I raised my head instinctively only to meet Marcus’s blood shot brown eyes glaring down at me. My heart began an irregular beat as I finally saw the one person it had been longing for. I wasn’t prepared for this, I didn’t think I would see him here and now even though this was the same Mall it all started.
He was still the last person I was hoping to see at this moment when I felt like my legs were giving away.
He was still so good looking even with all the stubble on his cheek. I wondered vaguely how long it had been since he shaved or even had a hair-cut as his dark hair fell on his face, touching his eyes.
But I was trying to get over him, not welcome him back with open arms no matter what his intentions were.
“Let go,” I said icily, trying to snatch my arm from his hold but he didn’t budge. His grasp on my arm was too firm, too rigid.
His eyes softened and to my horror, I was fighting so hard not to break down in front of him. My pride and self-worth depended on it me leaving his presence with my head held up high.
“What do you want, Marcus?” I tried to sound cold and impersonal.
“One hour of your time, Jody, nothing more,” he said huskily and I should have laughed but trembled instead.

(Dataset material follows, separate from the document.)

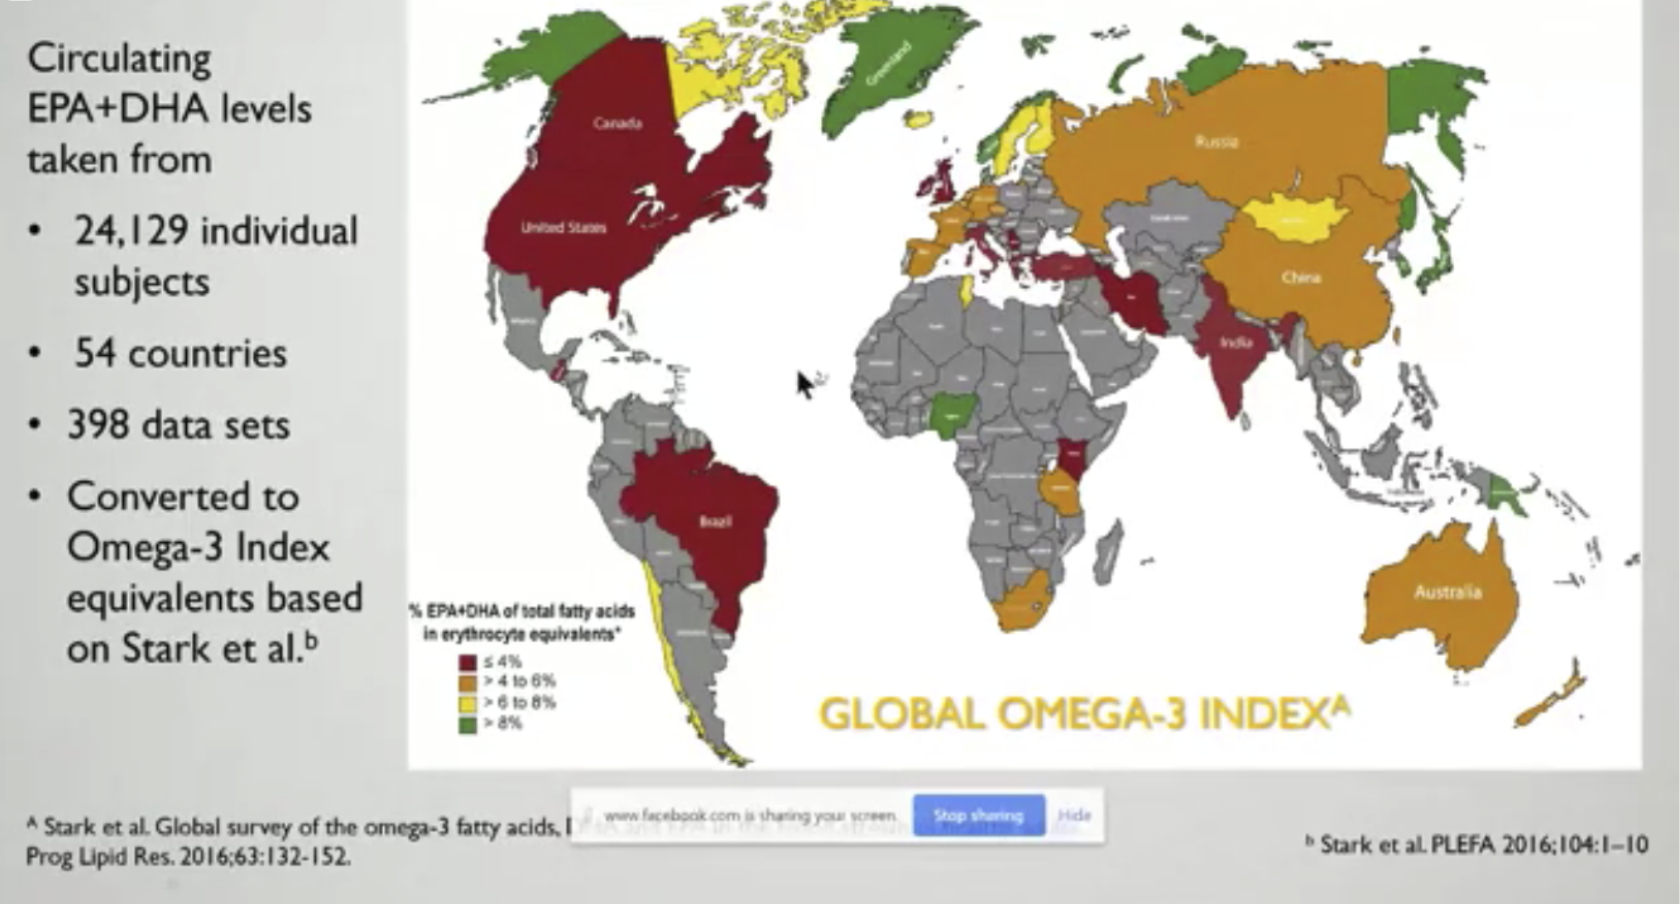 รูปที่ 4 : สีแดง คือ ประเทศที่มีค่า Omega-3 Index เฉลี่ย 0-3%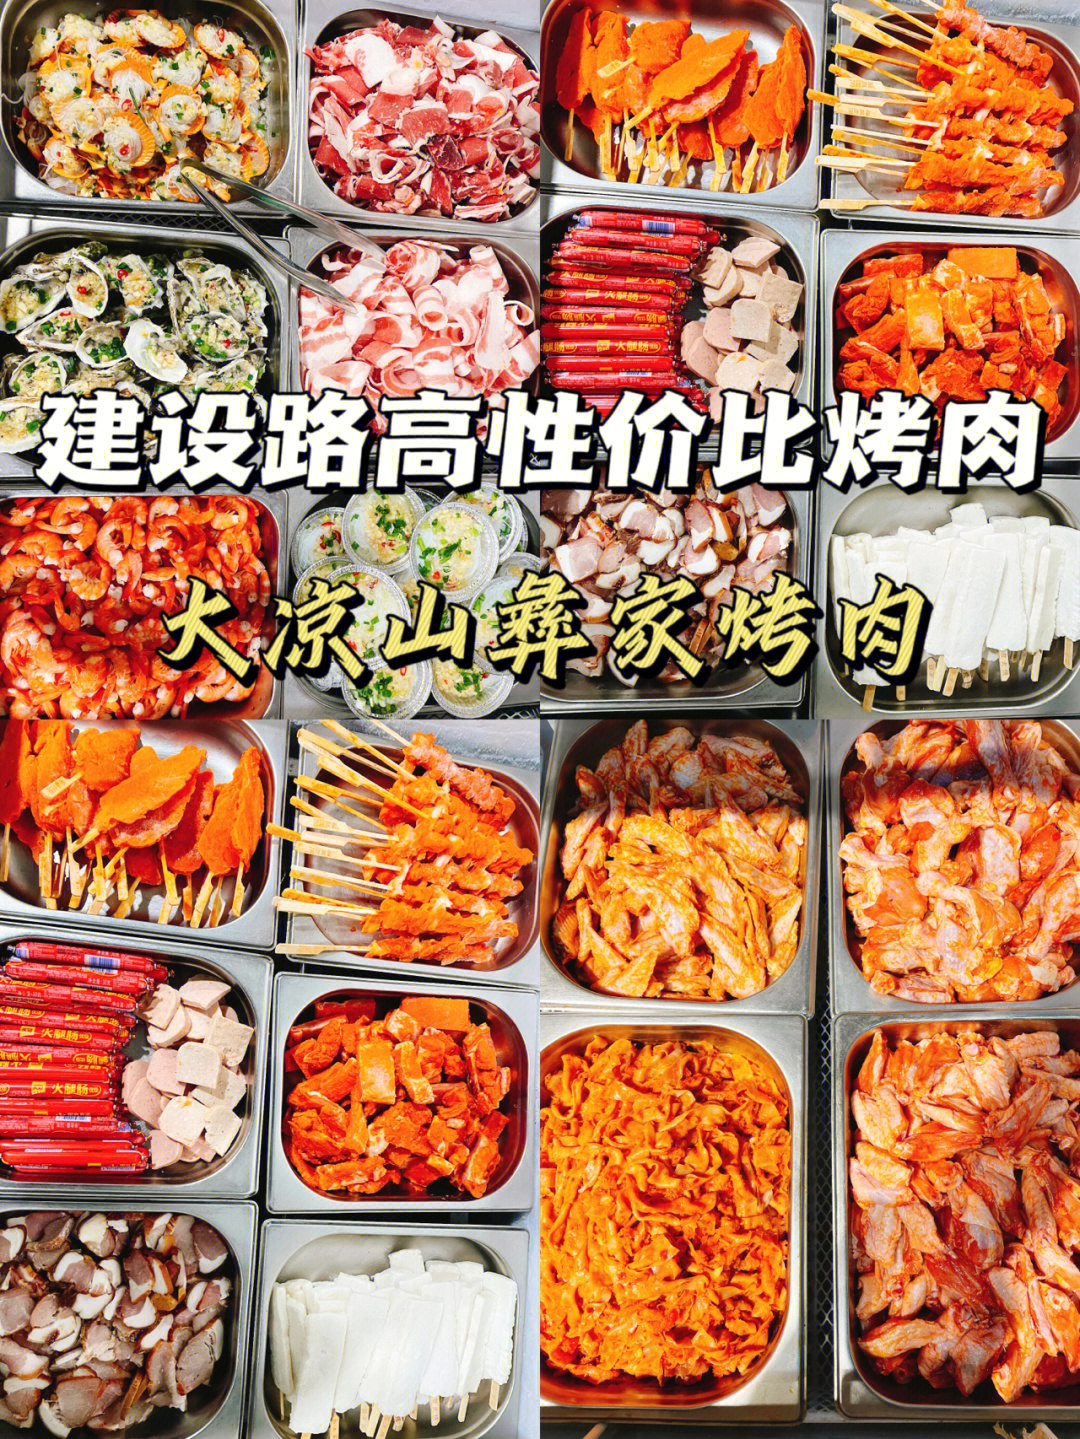 西昌火盆烧烤菜单图片

“Why would I give you one hour of my time?”
“Because you deserve an explanation.”
“Well I don’t think I so, Marcus, goodbye.” I concluded and wretched my hand from his hold and was about to open my car when he hauled me like a child into his arms and carried me to his car parked close by the side of the road.
I struggled, kicking, hoping to get help from people around but I felt hopeless as they were all staring at Marcus and I like a love sick couple.
“I’ll get someone to take your car home,” he said calmly as if he wasn’t carrying a whole human being.
I was hurled into the passenger seat as Marcus placed the seat belt around me securely before entering the driver’s side and driving into the road completely opposite from the road leading to my house.
I yelled at him at the top of my voice to let me out but he simply maintained poise, driving in an insane speed as if he wanted to kill himself but would rather not die alone.
Rage burned through me, morphing into curiosity. Where the hell was he taking me to?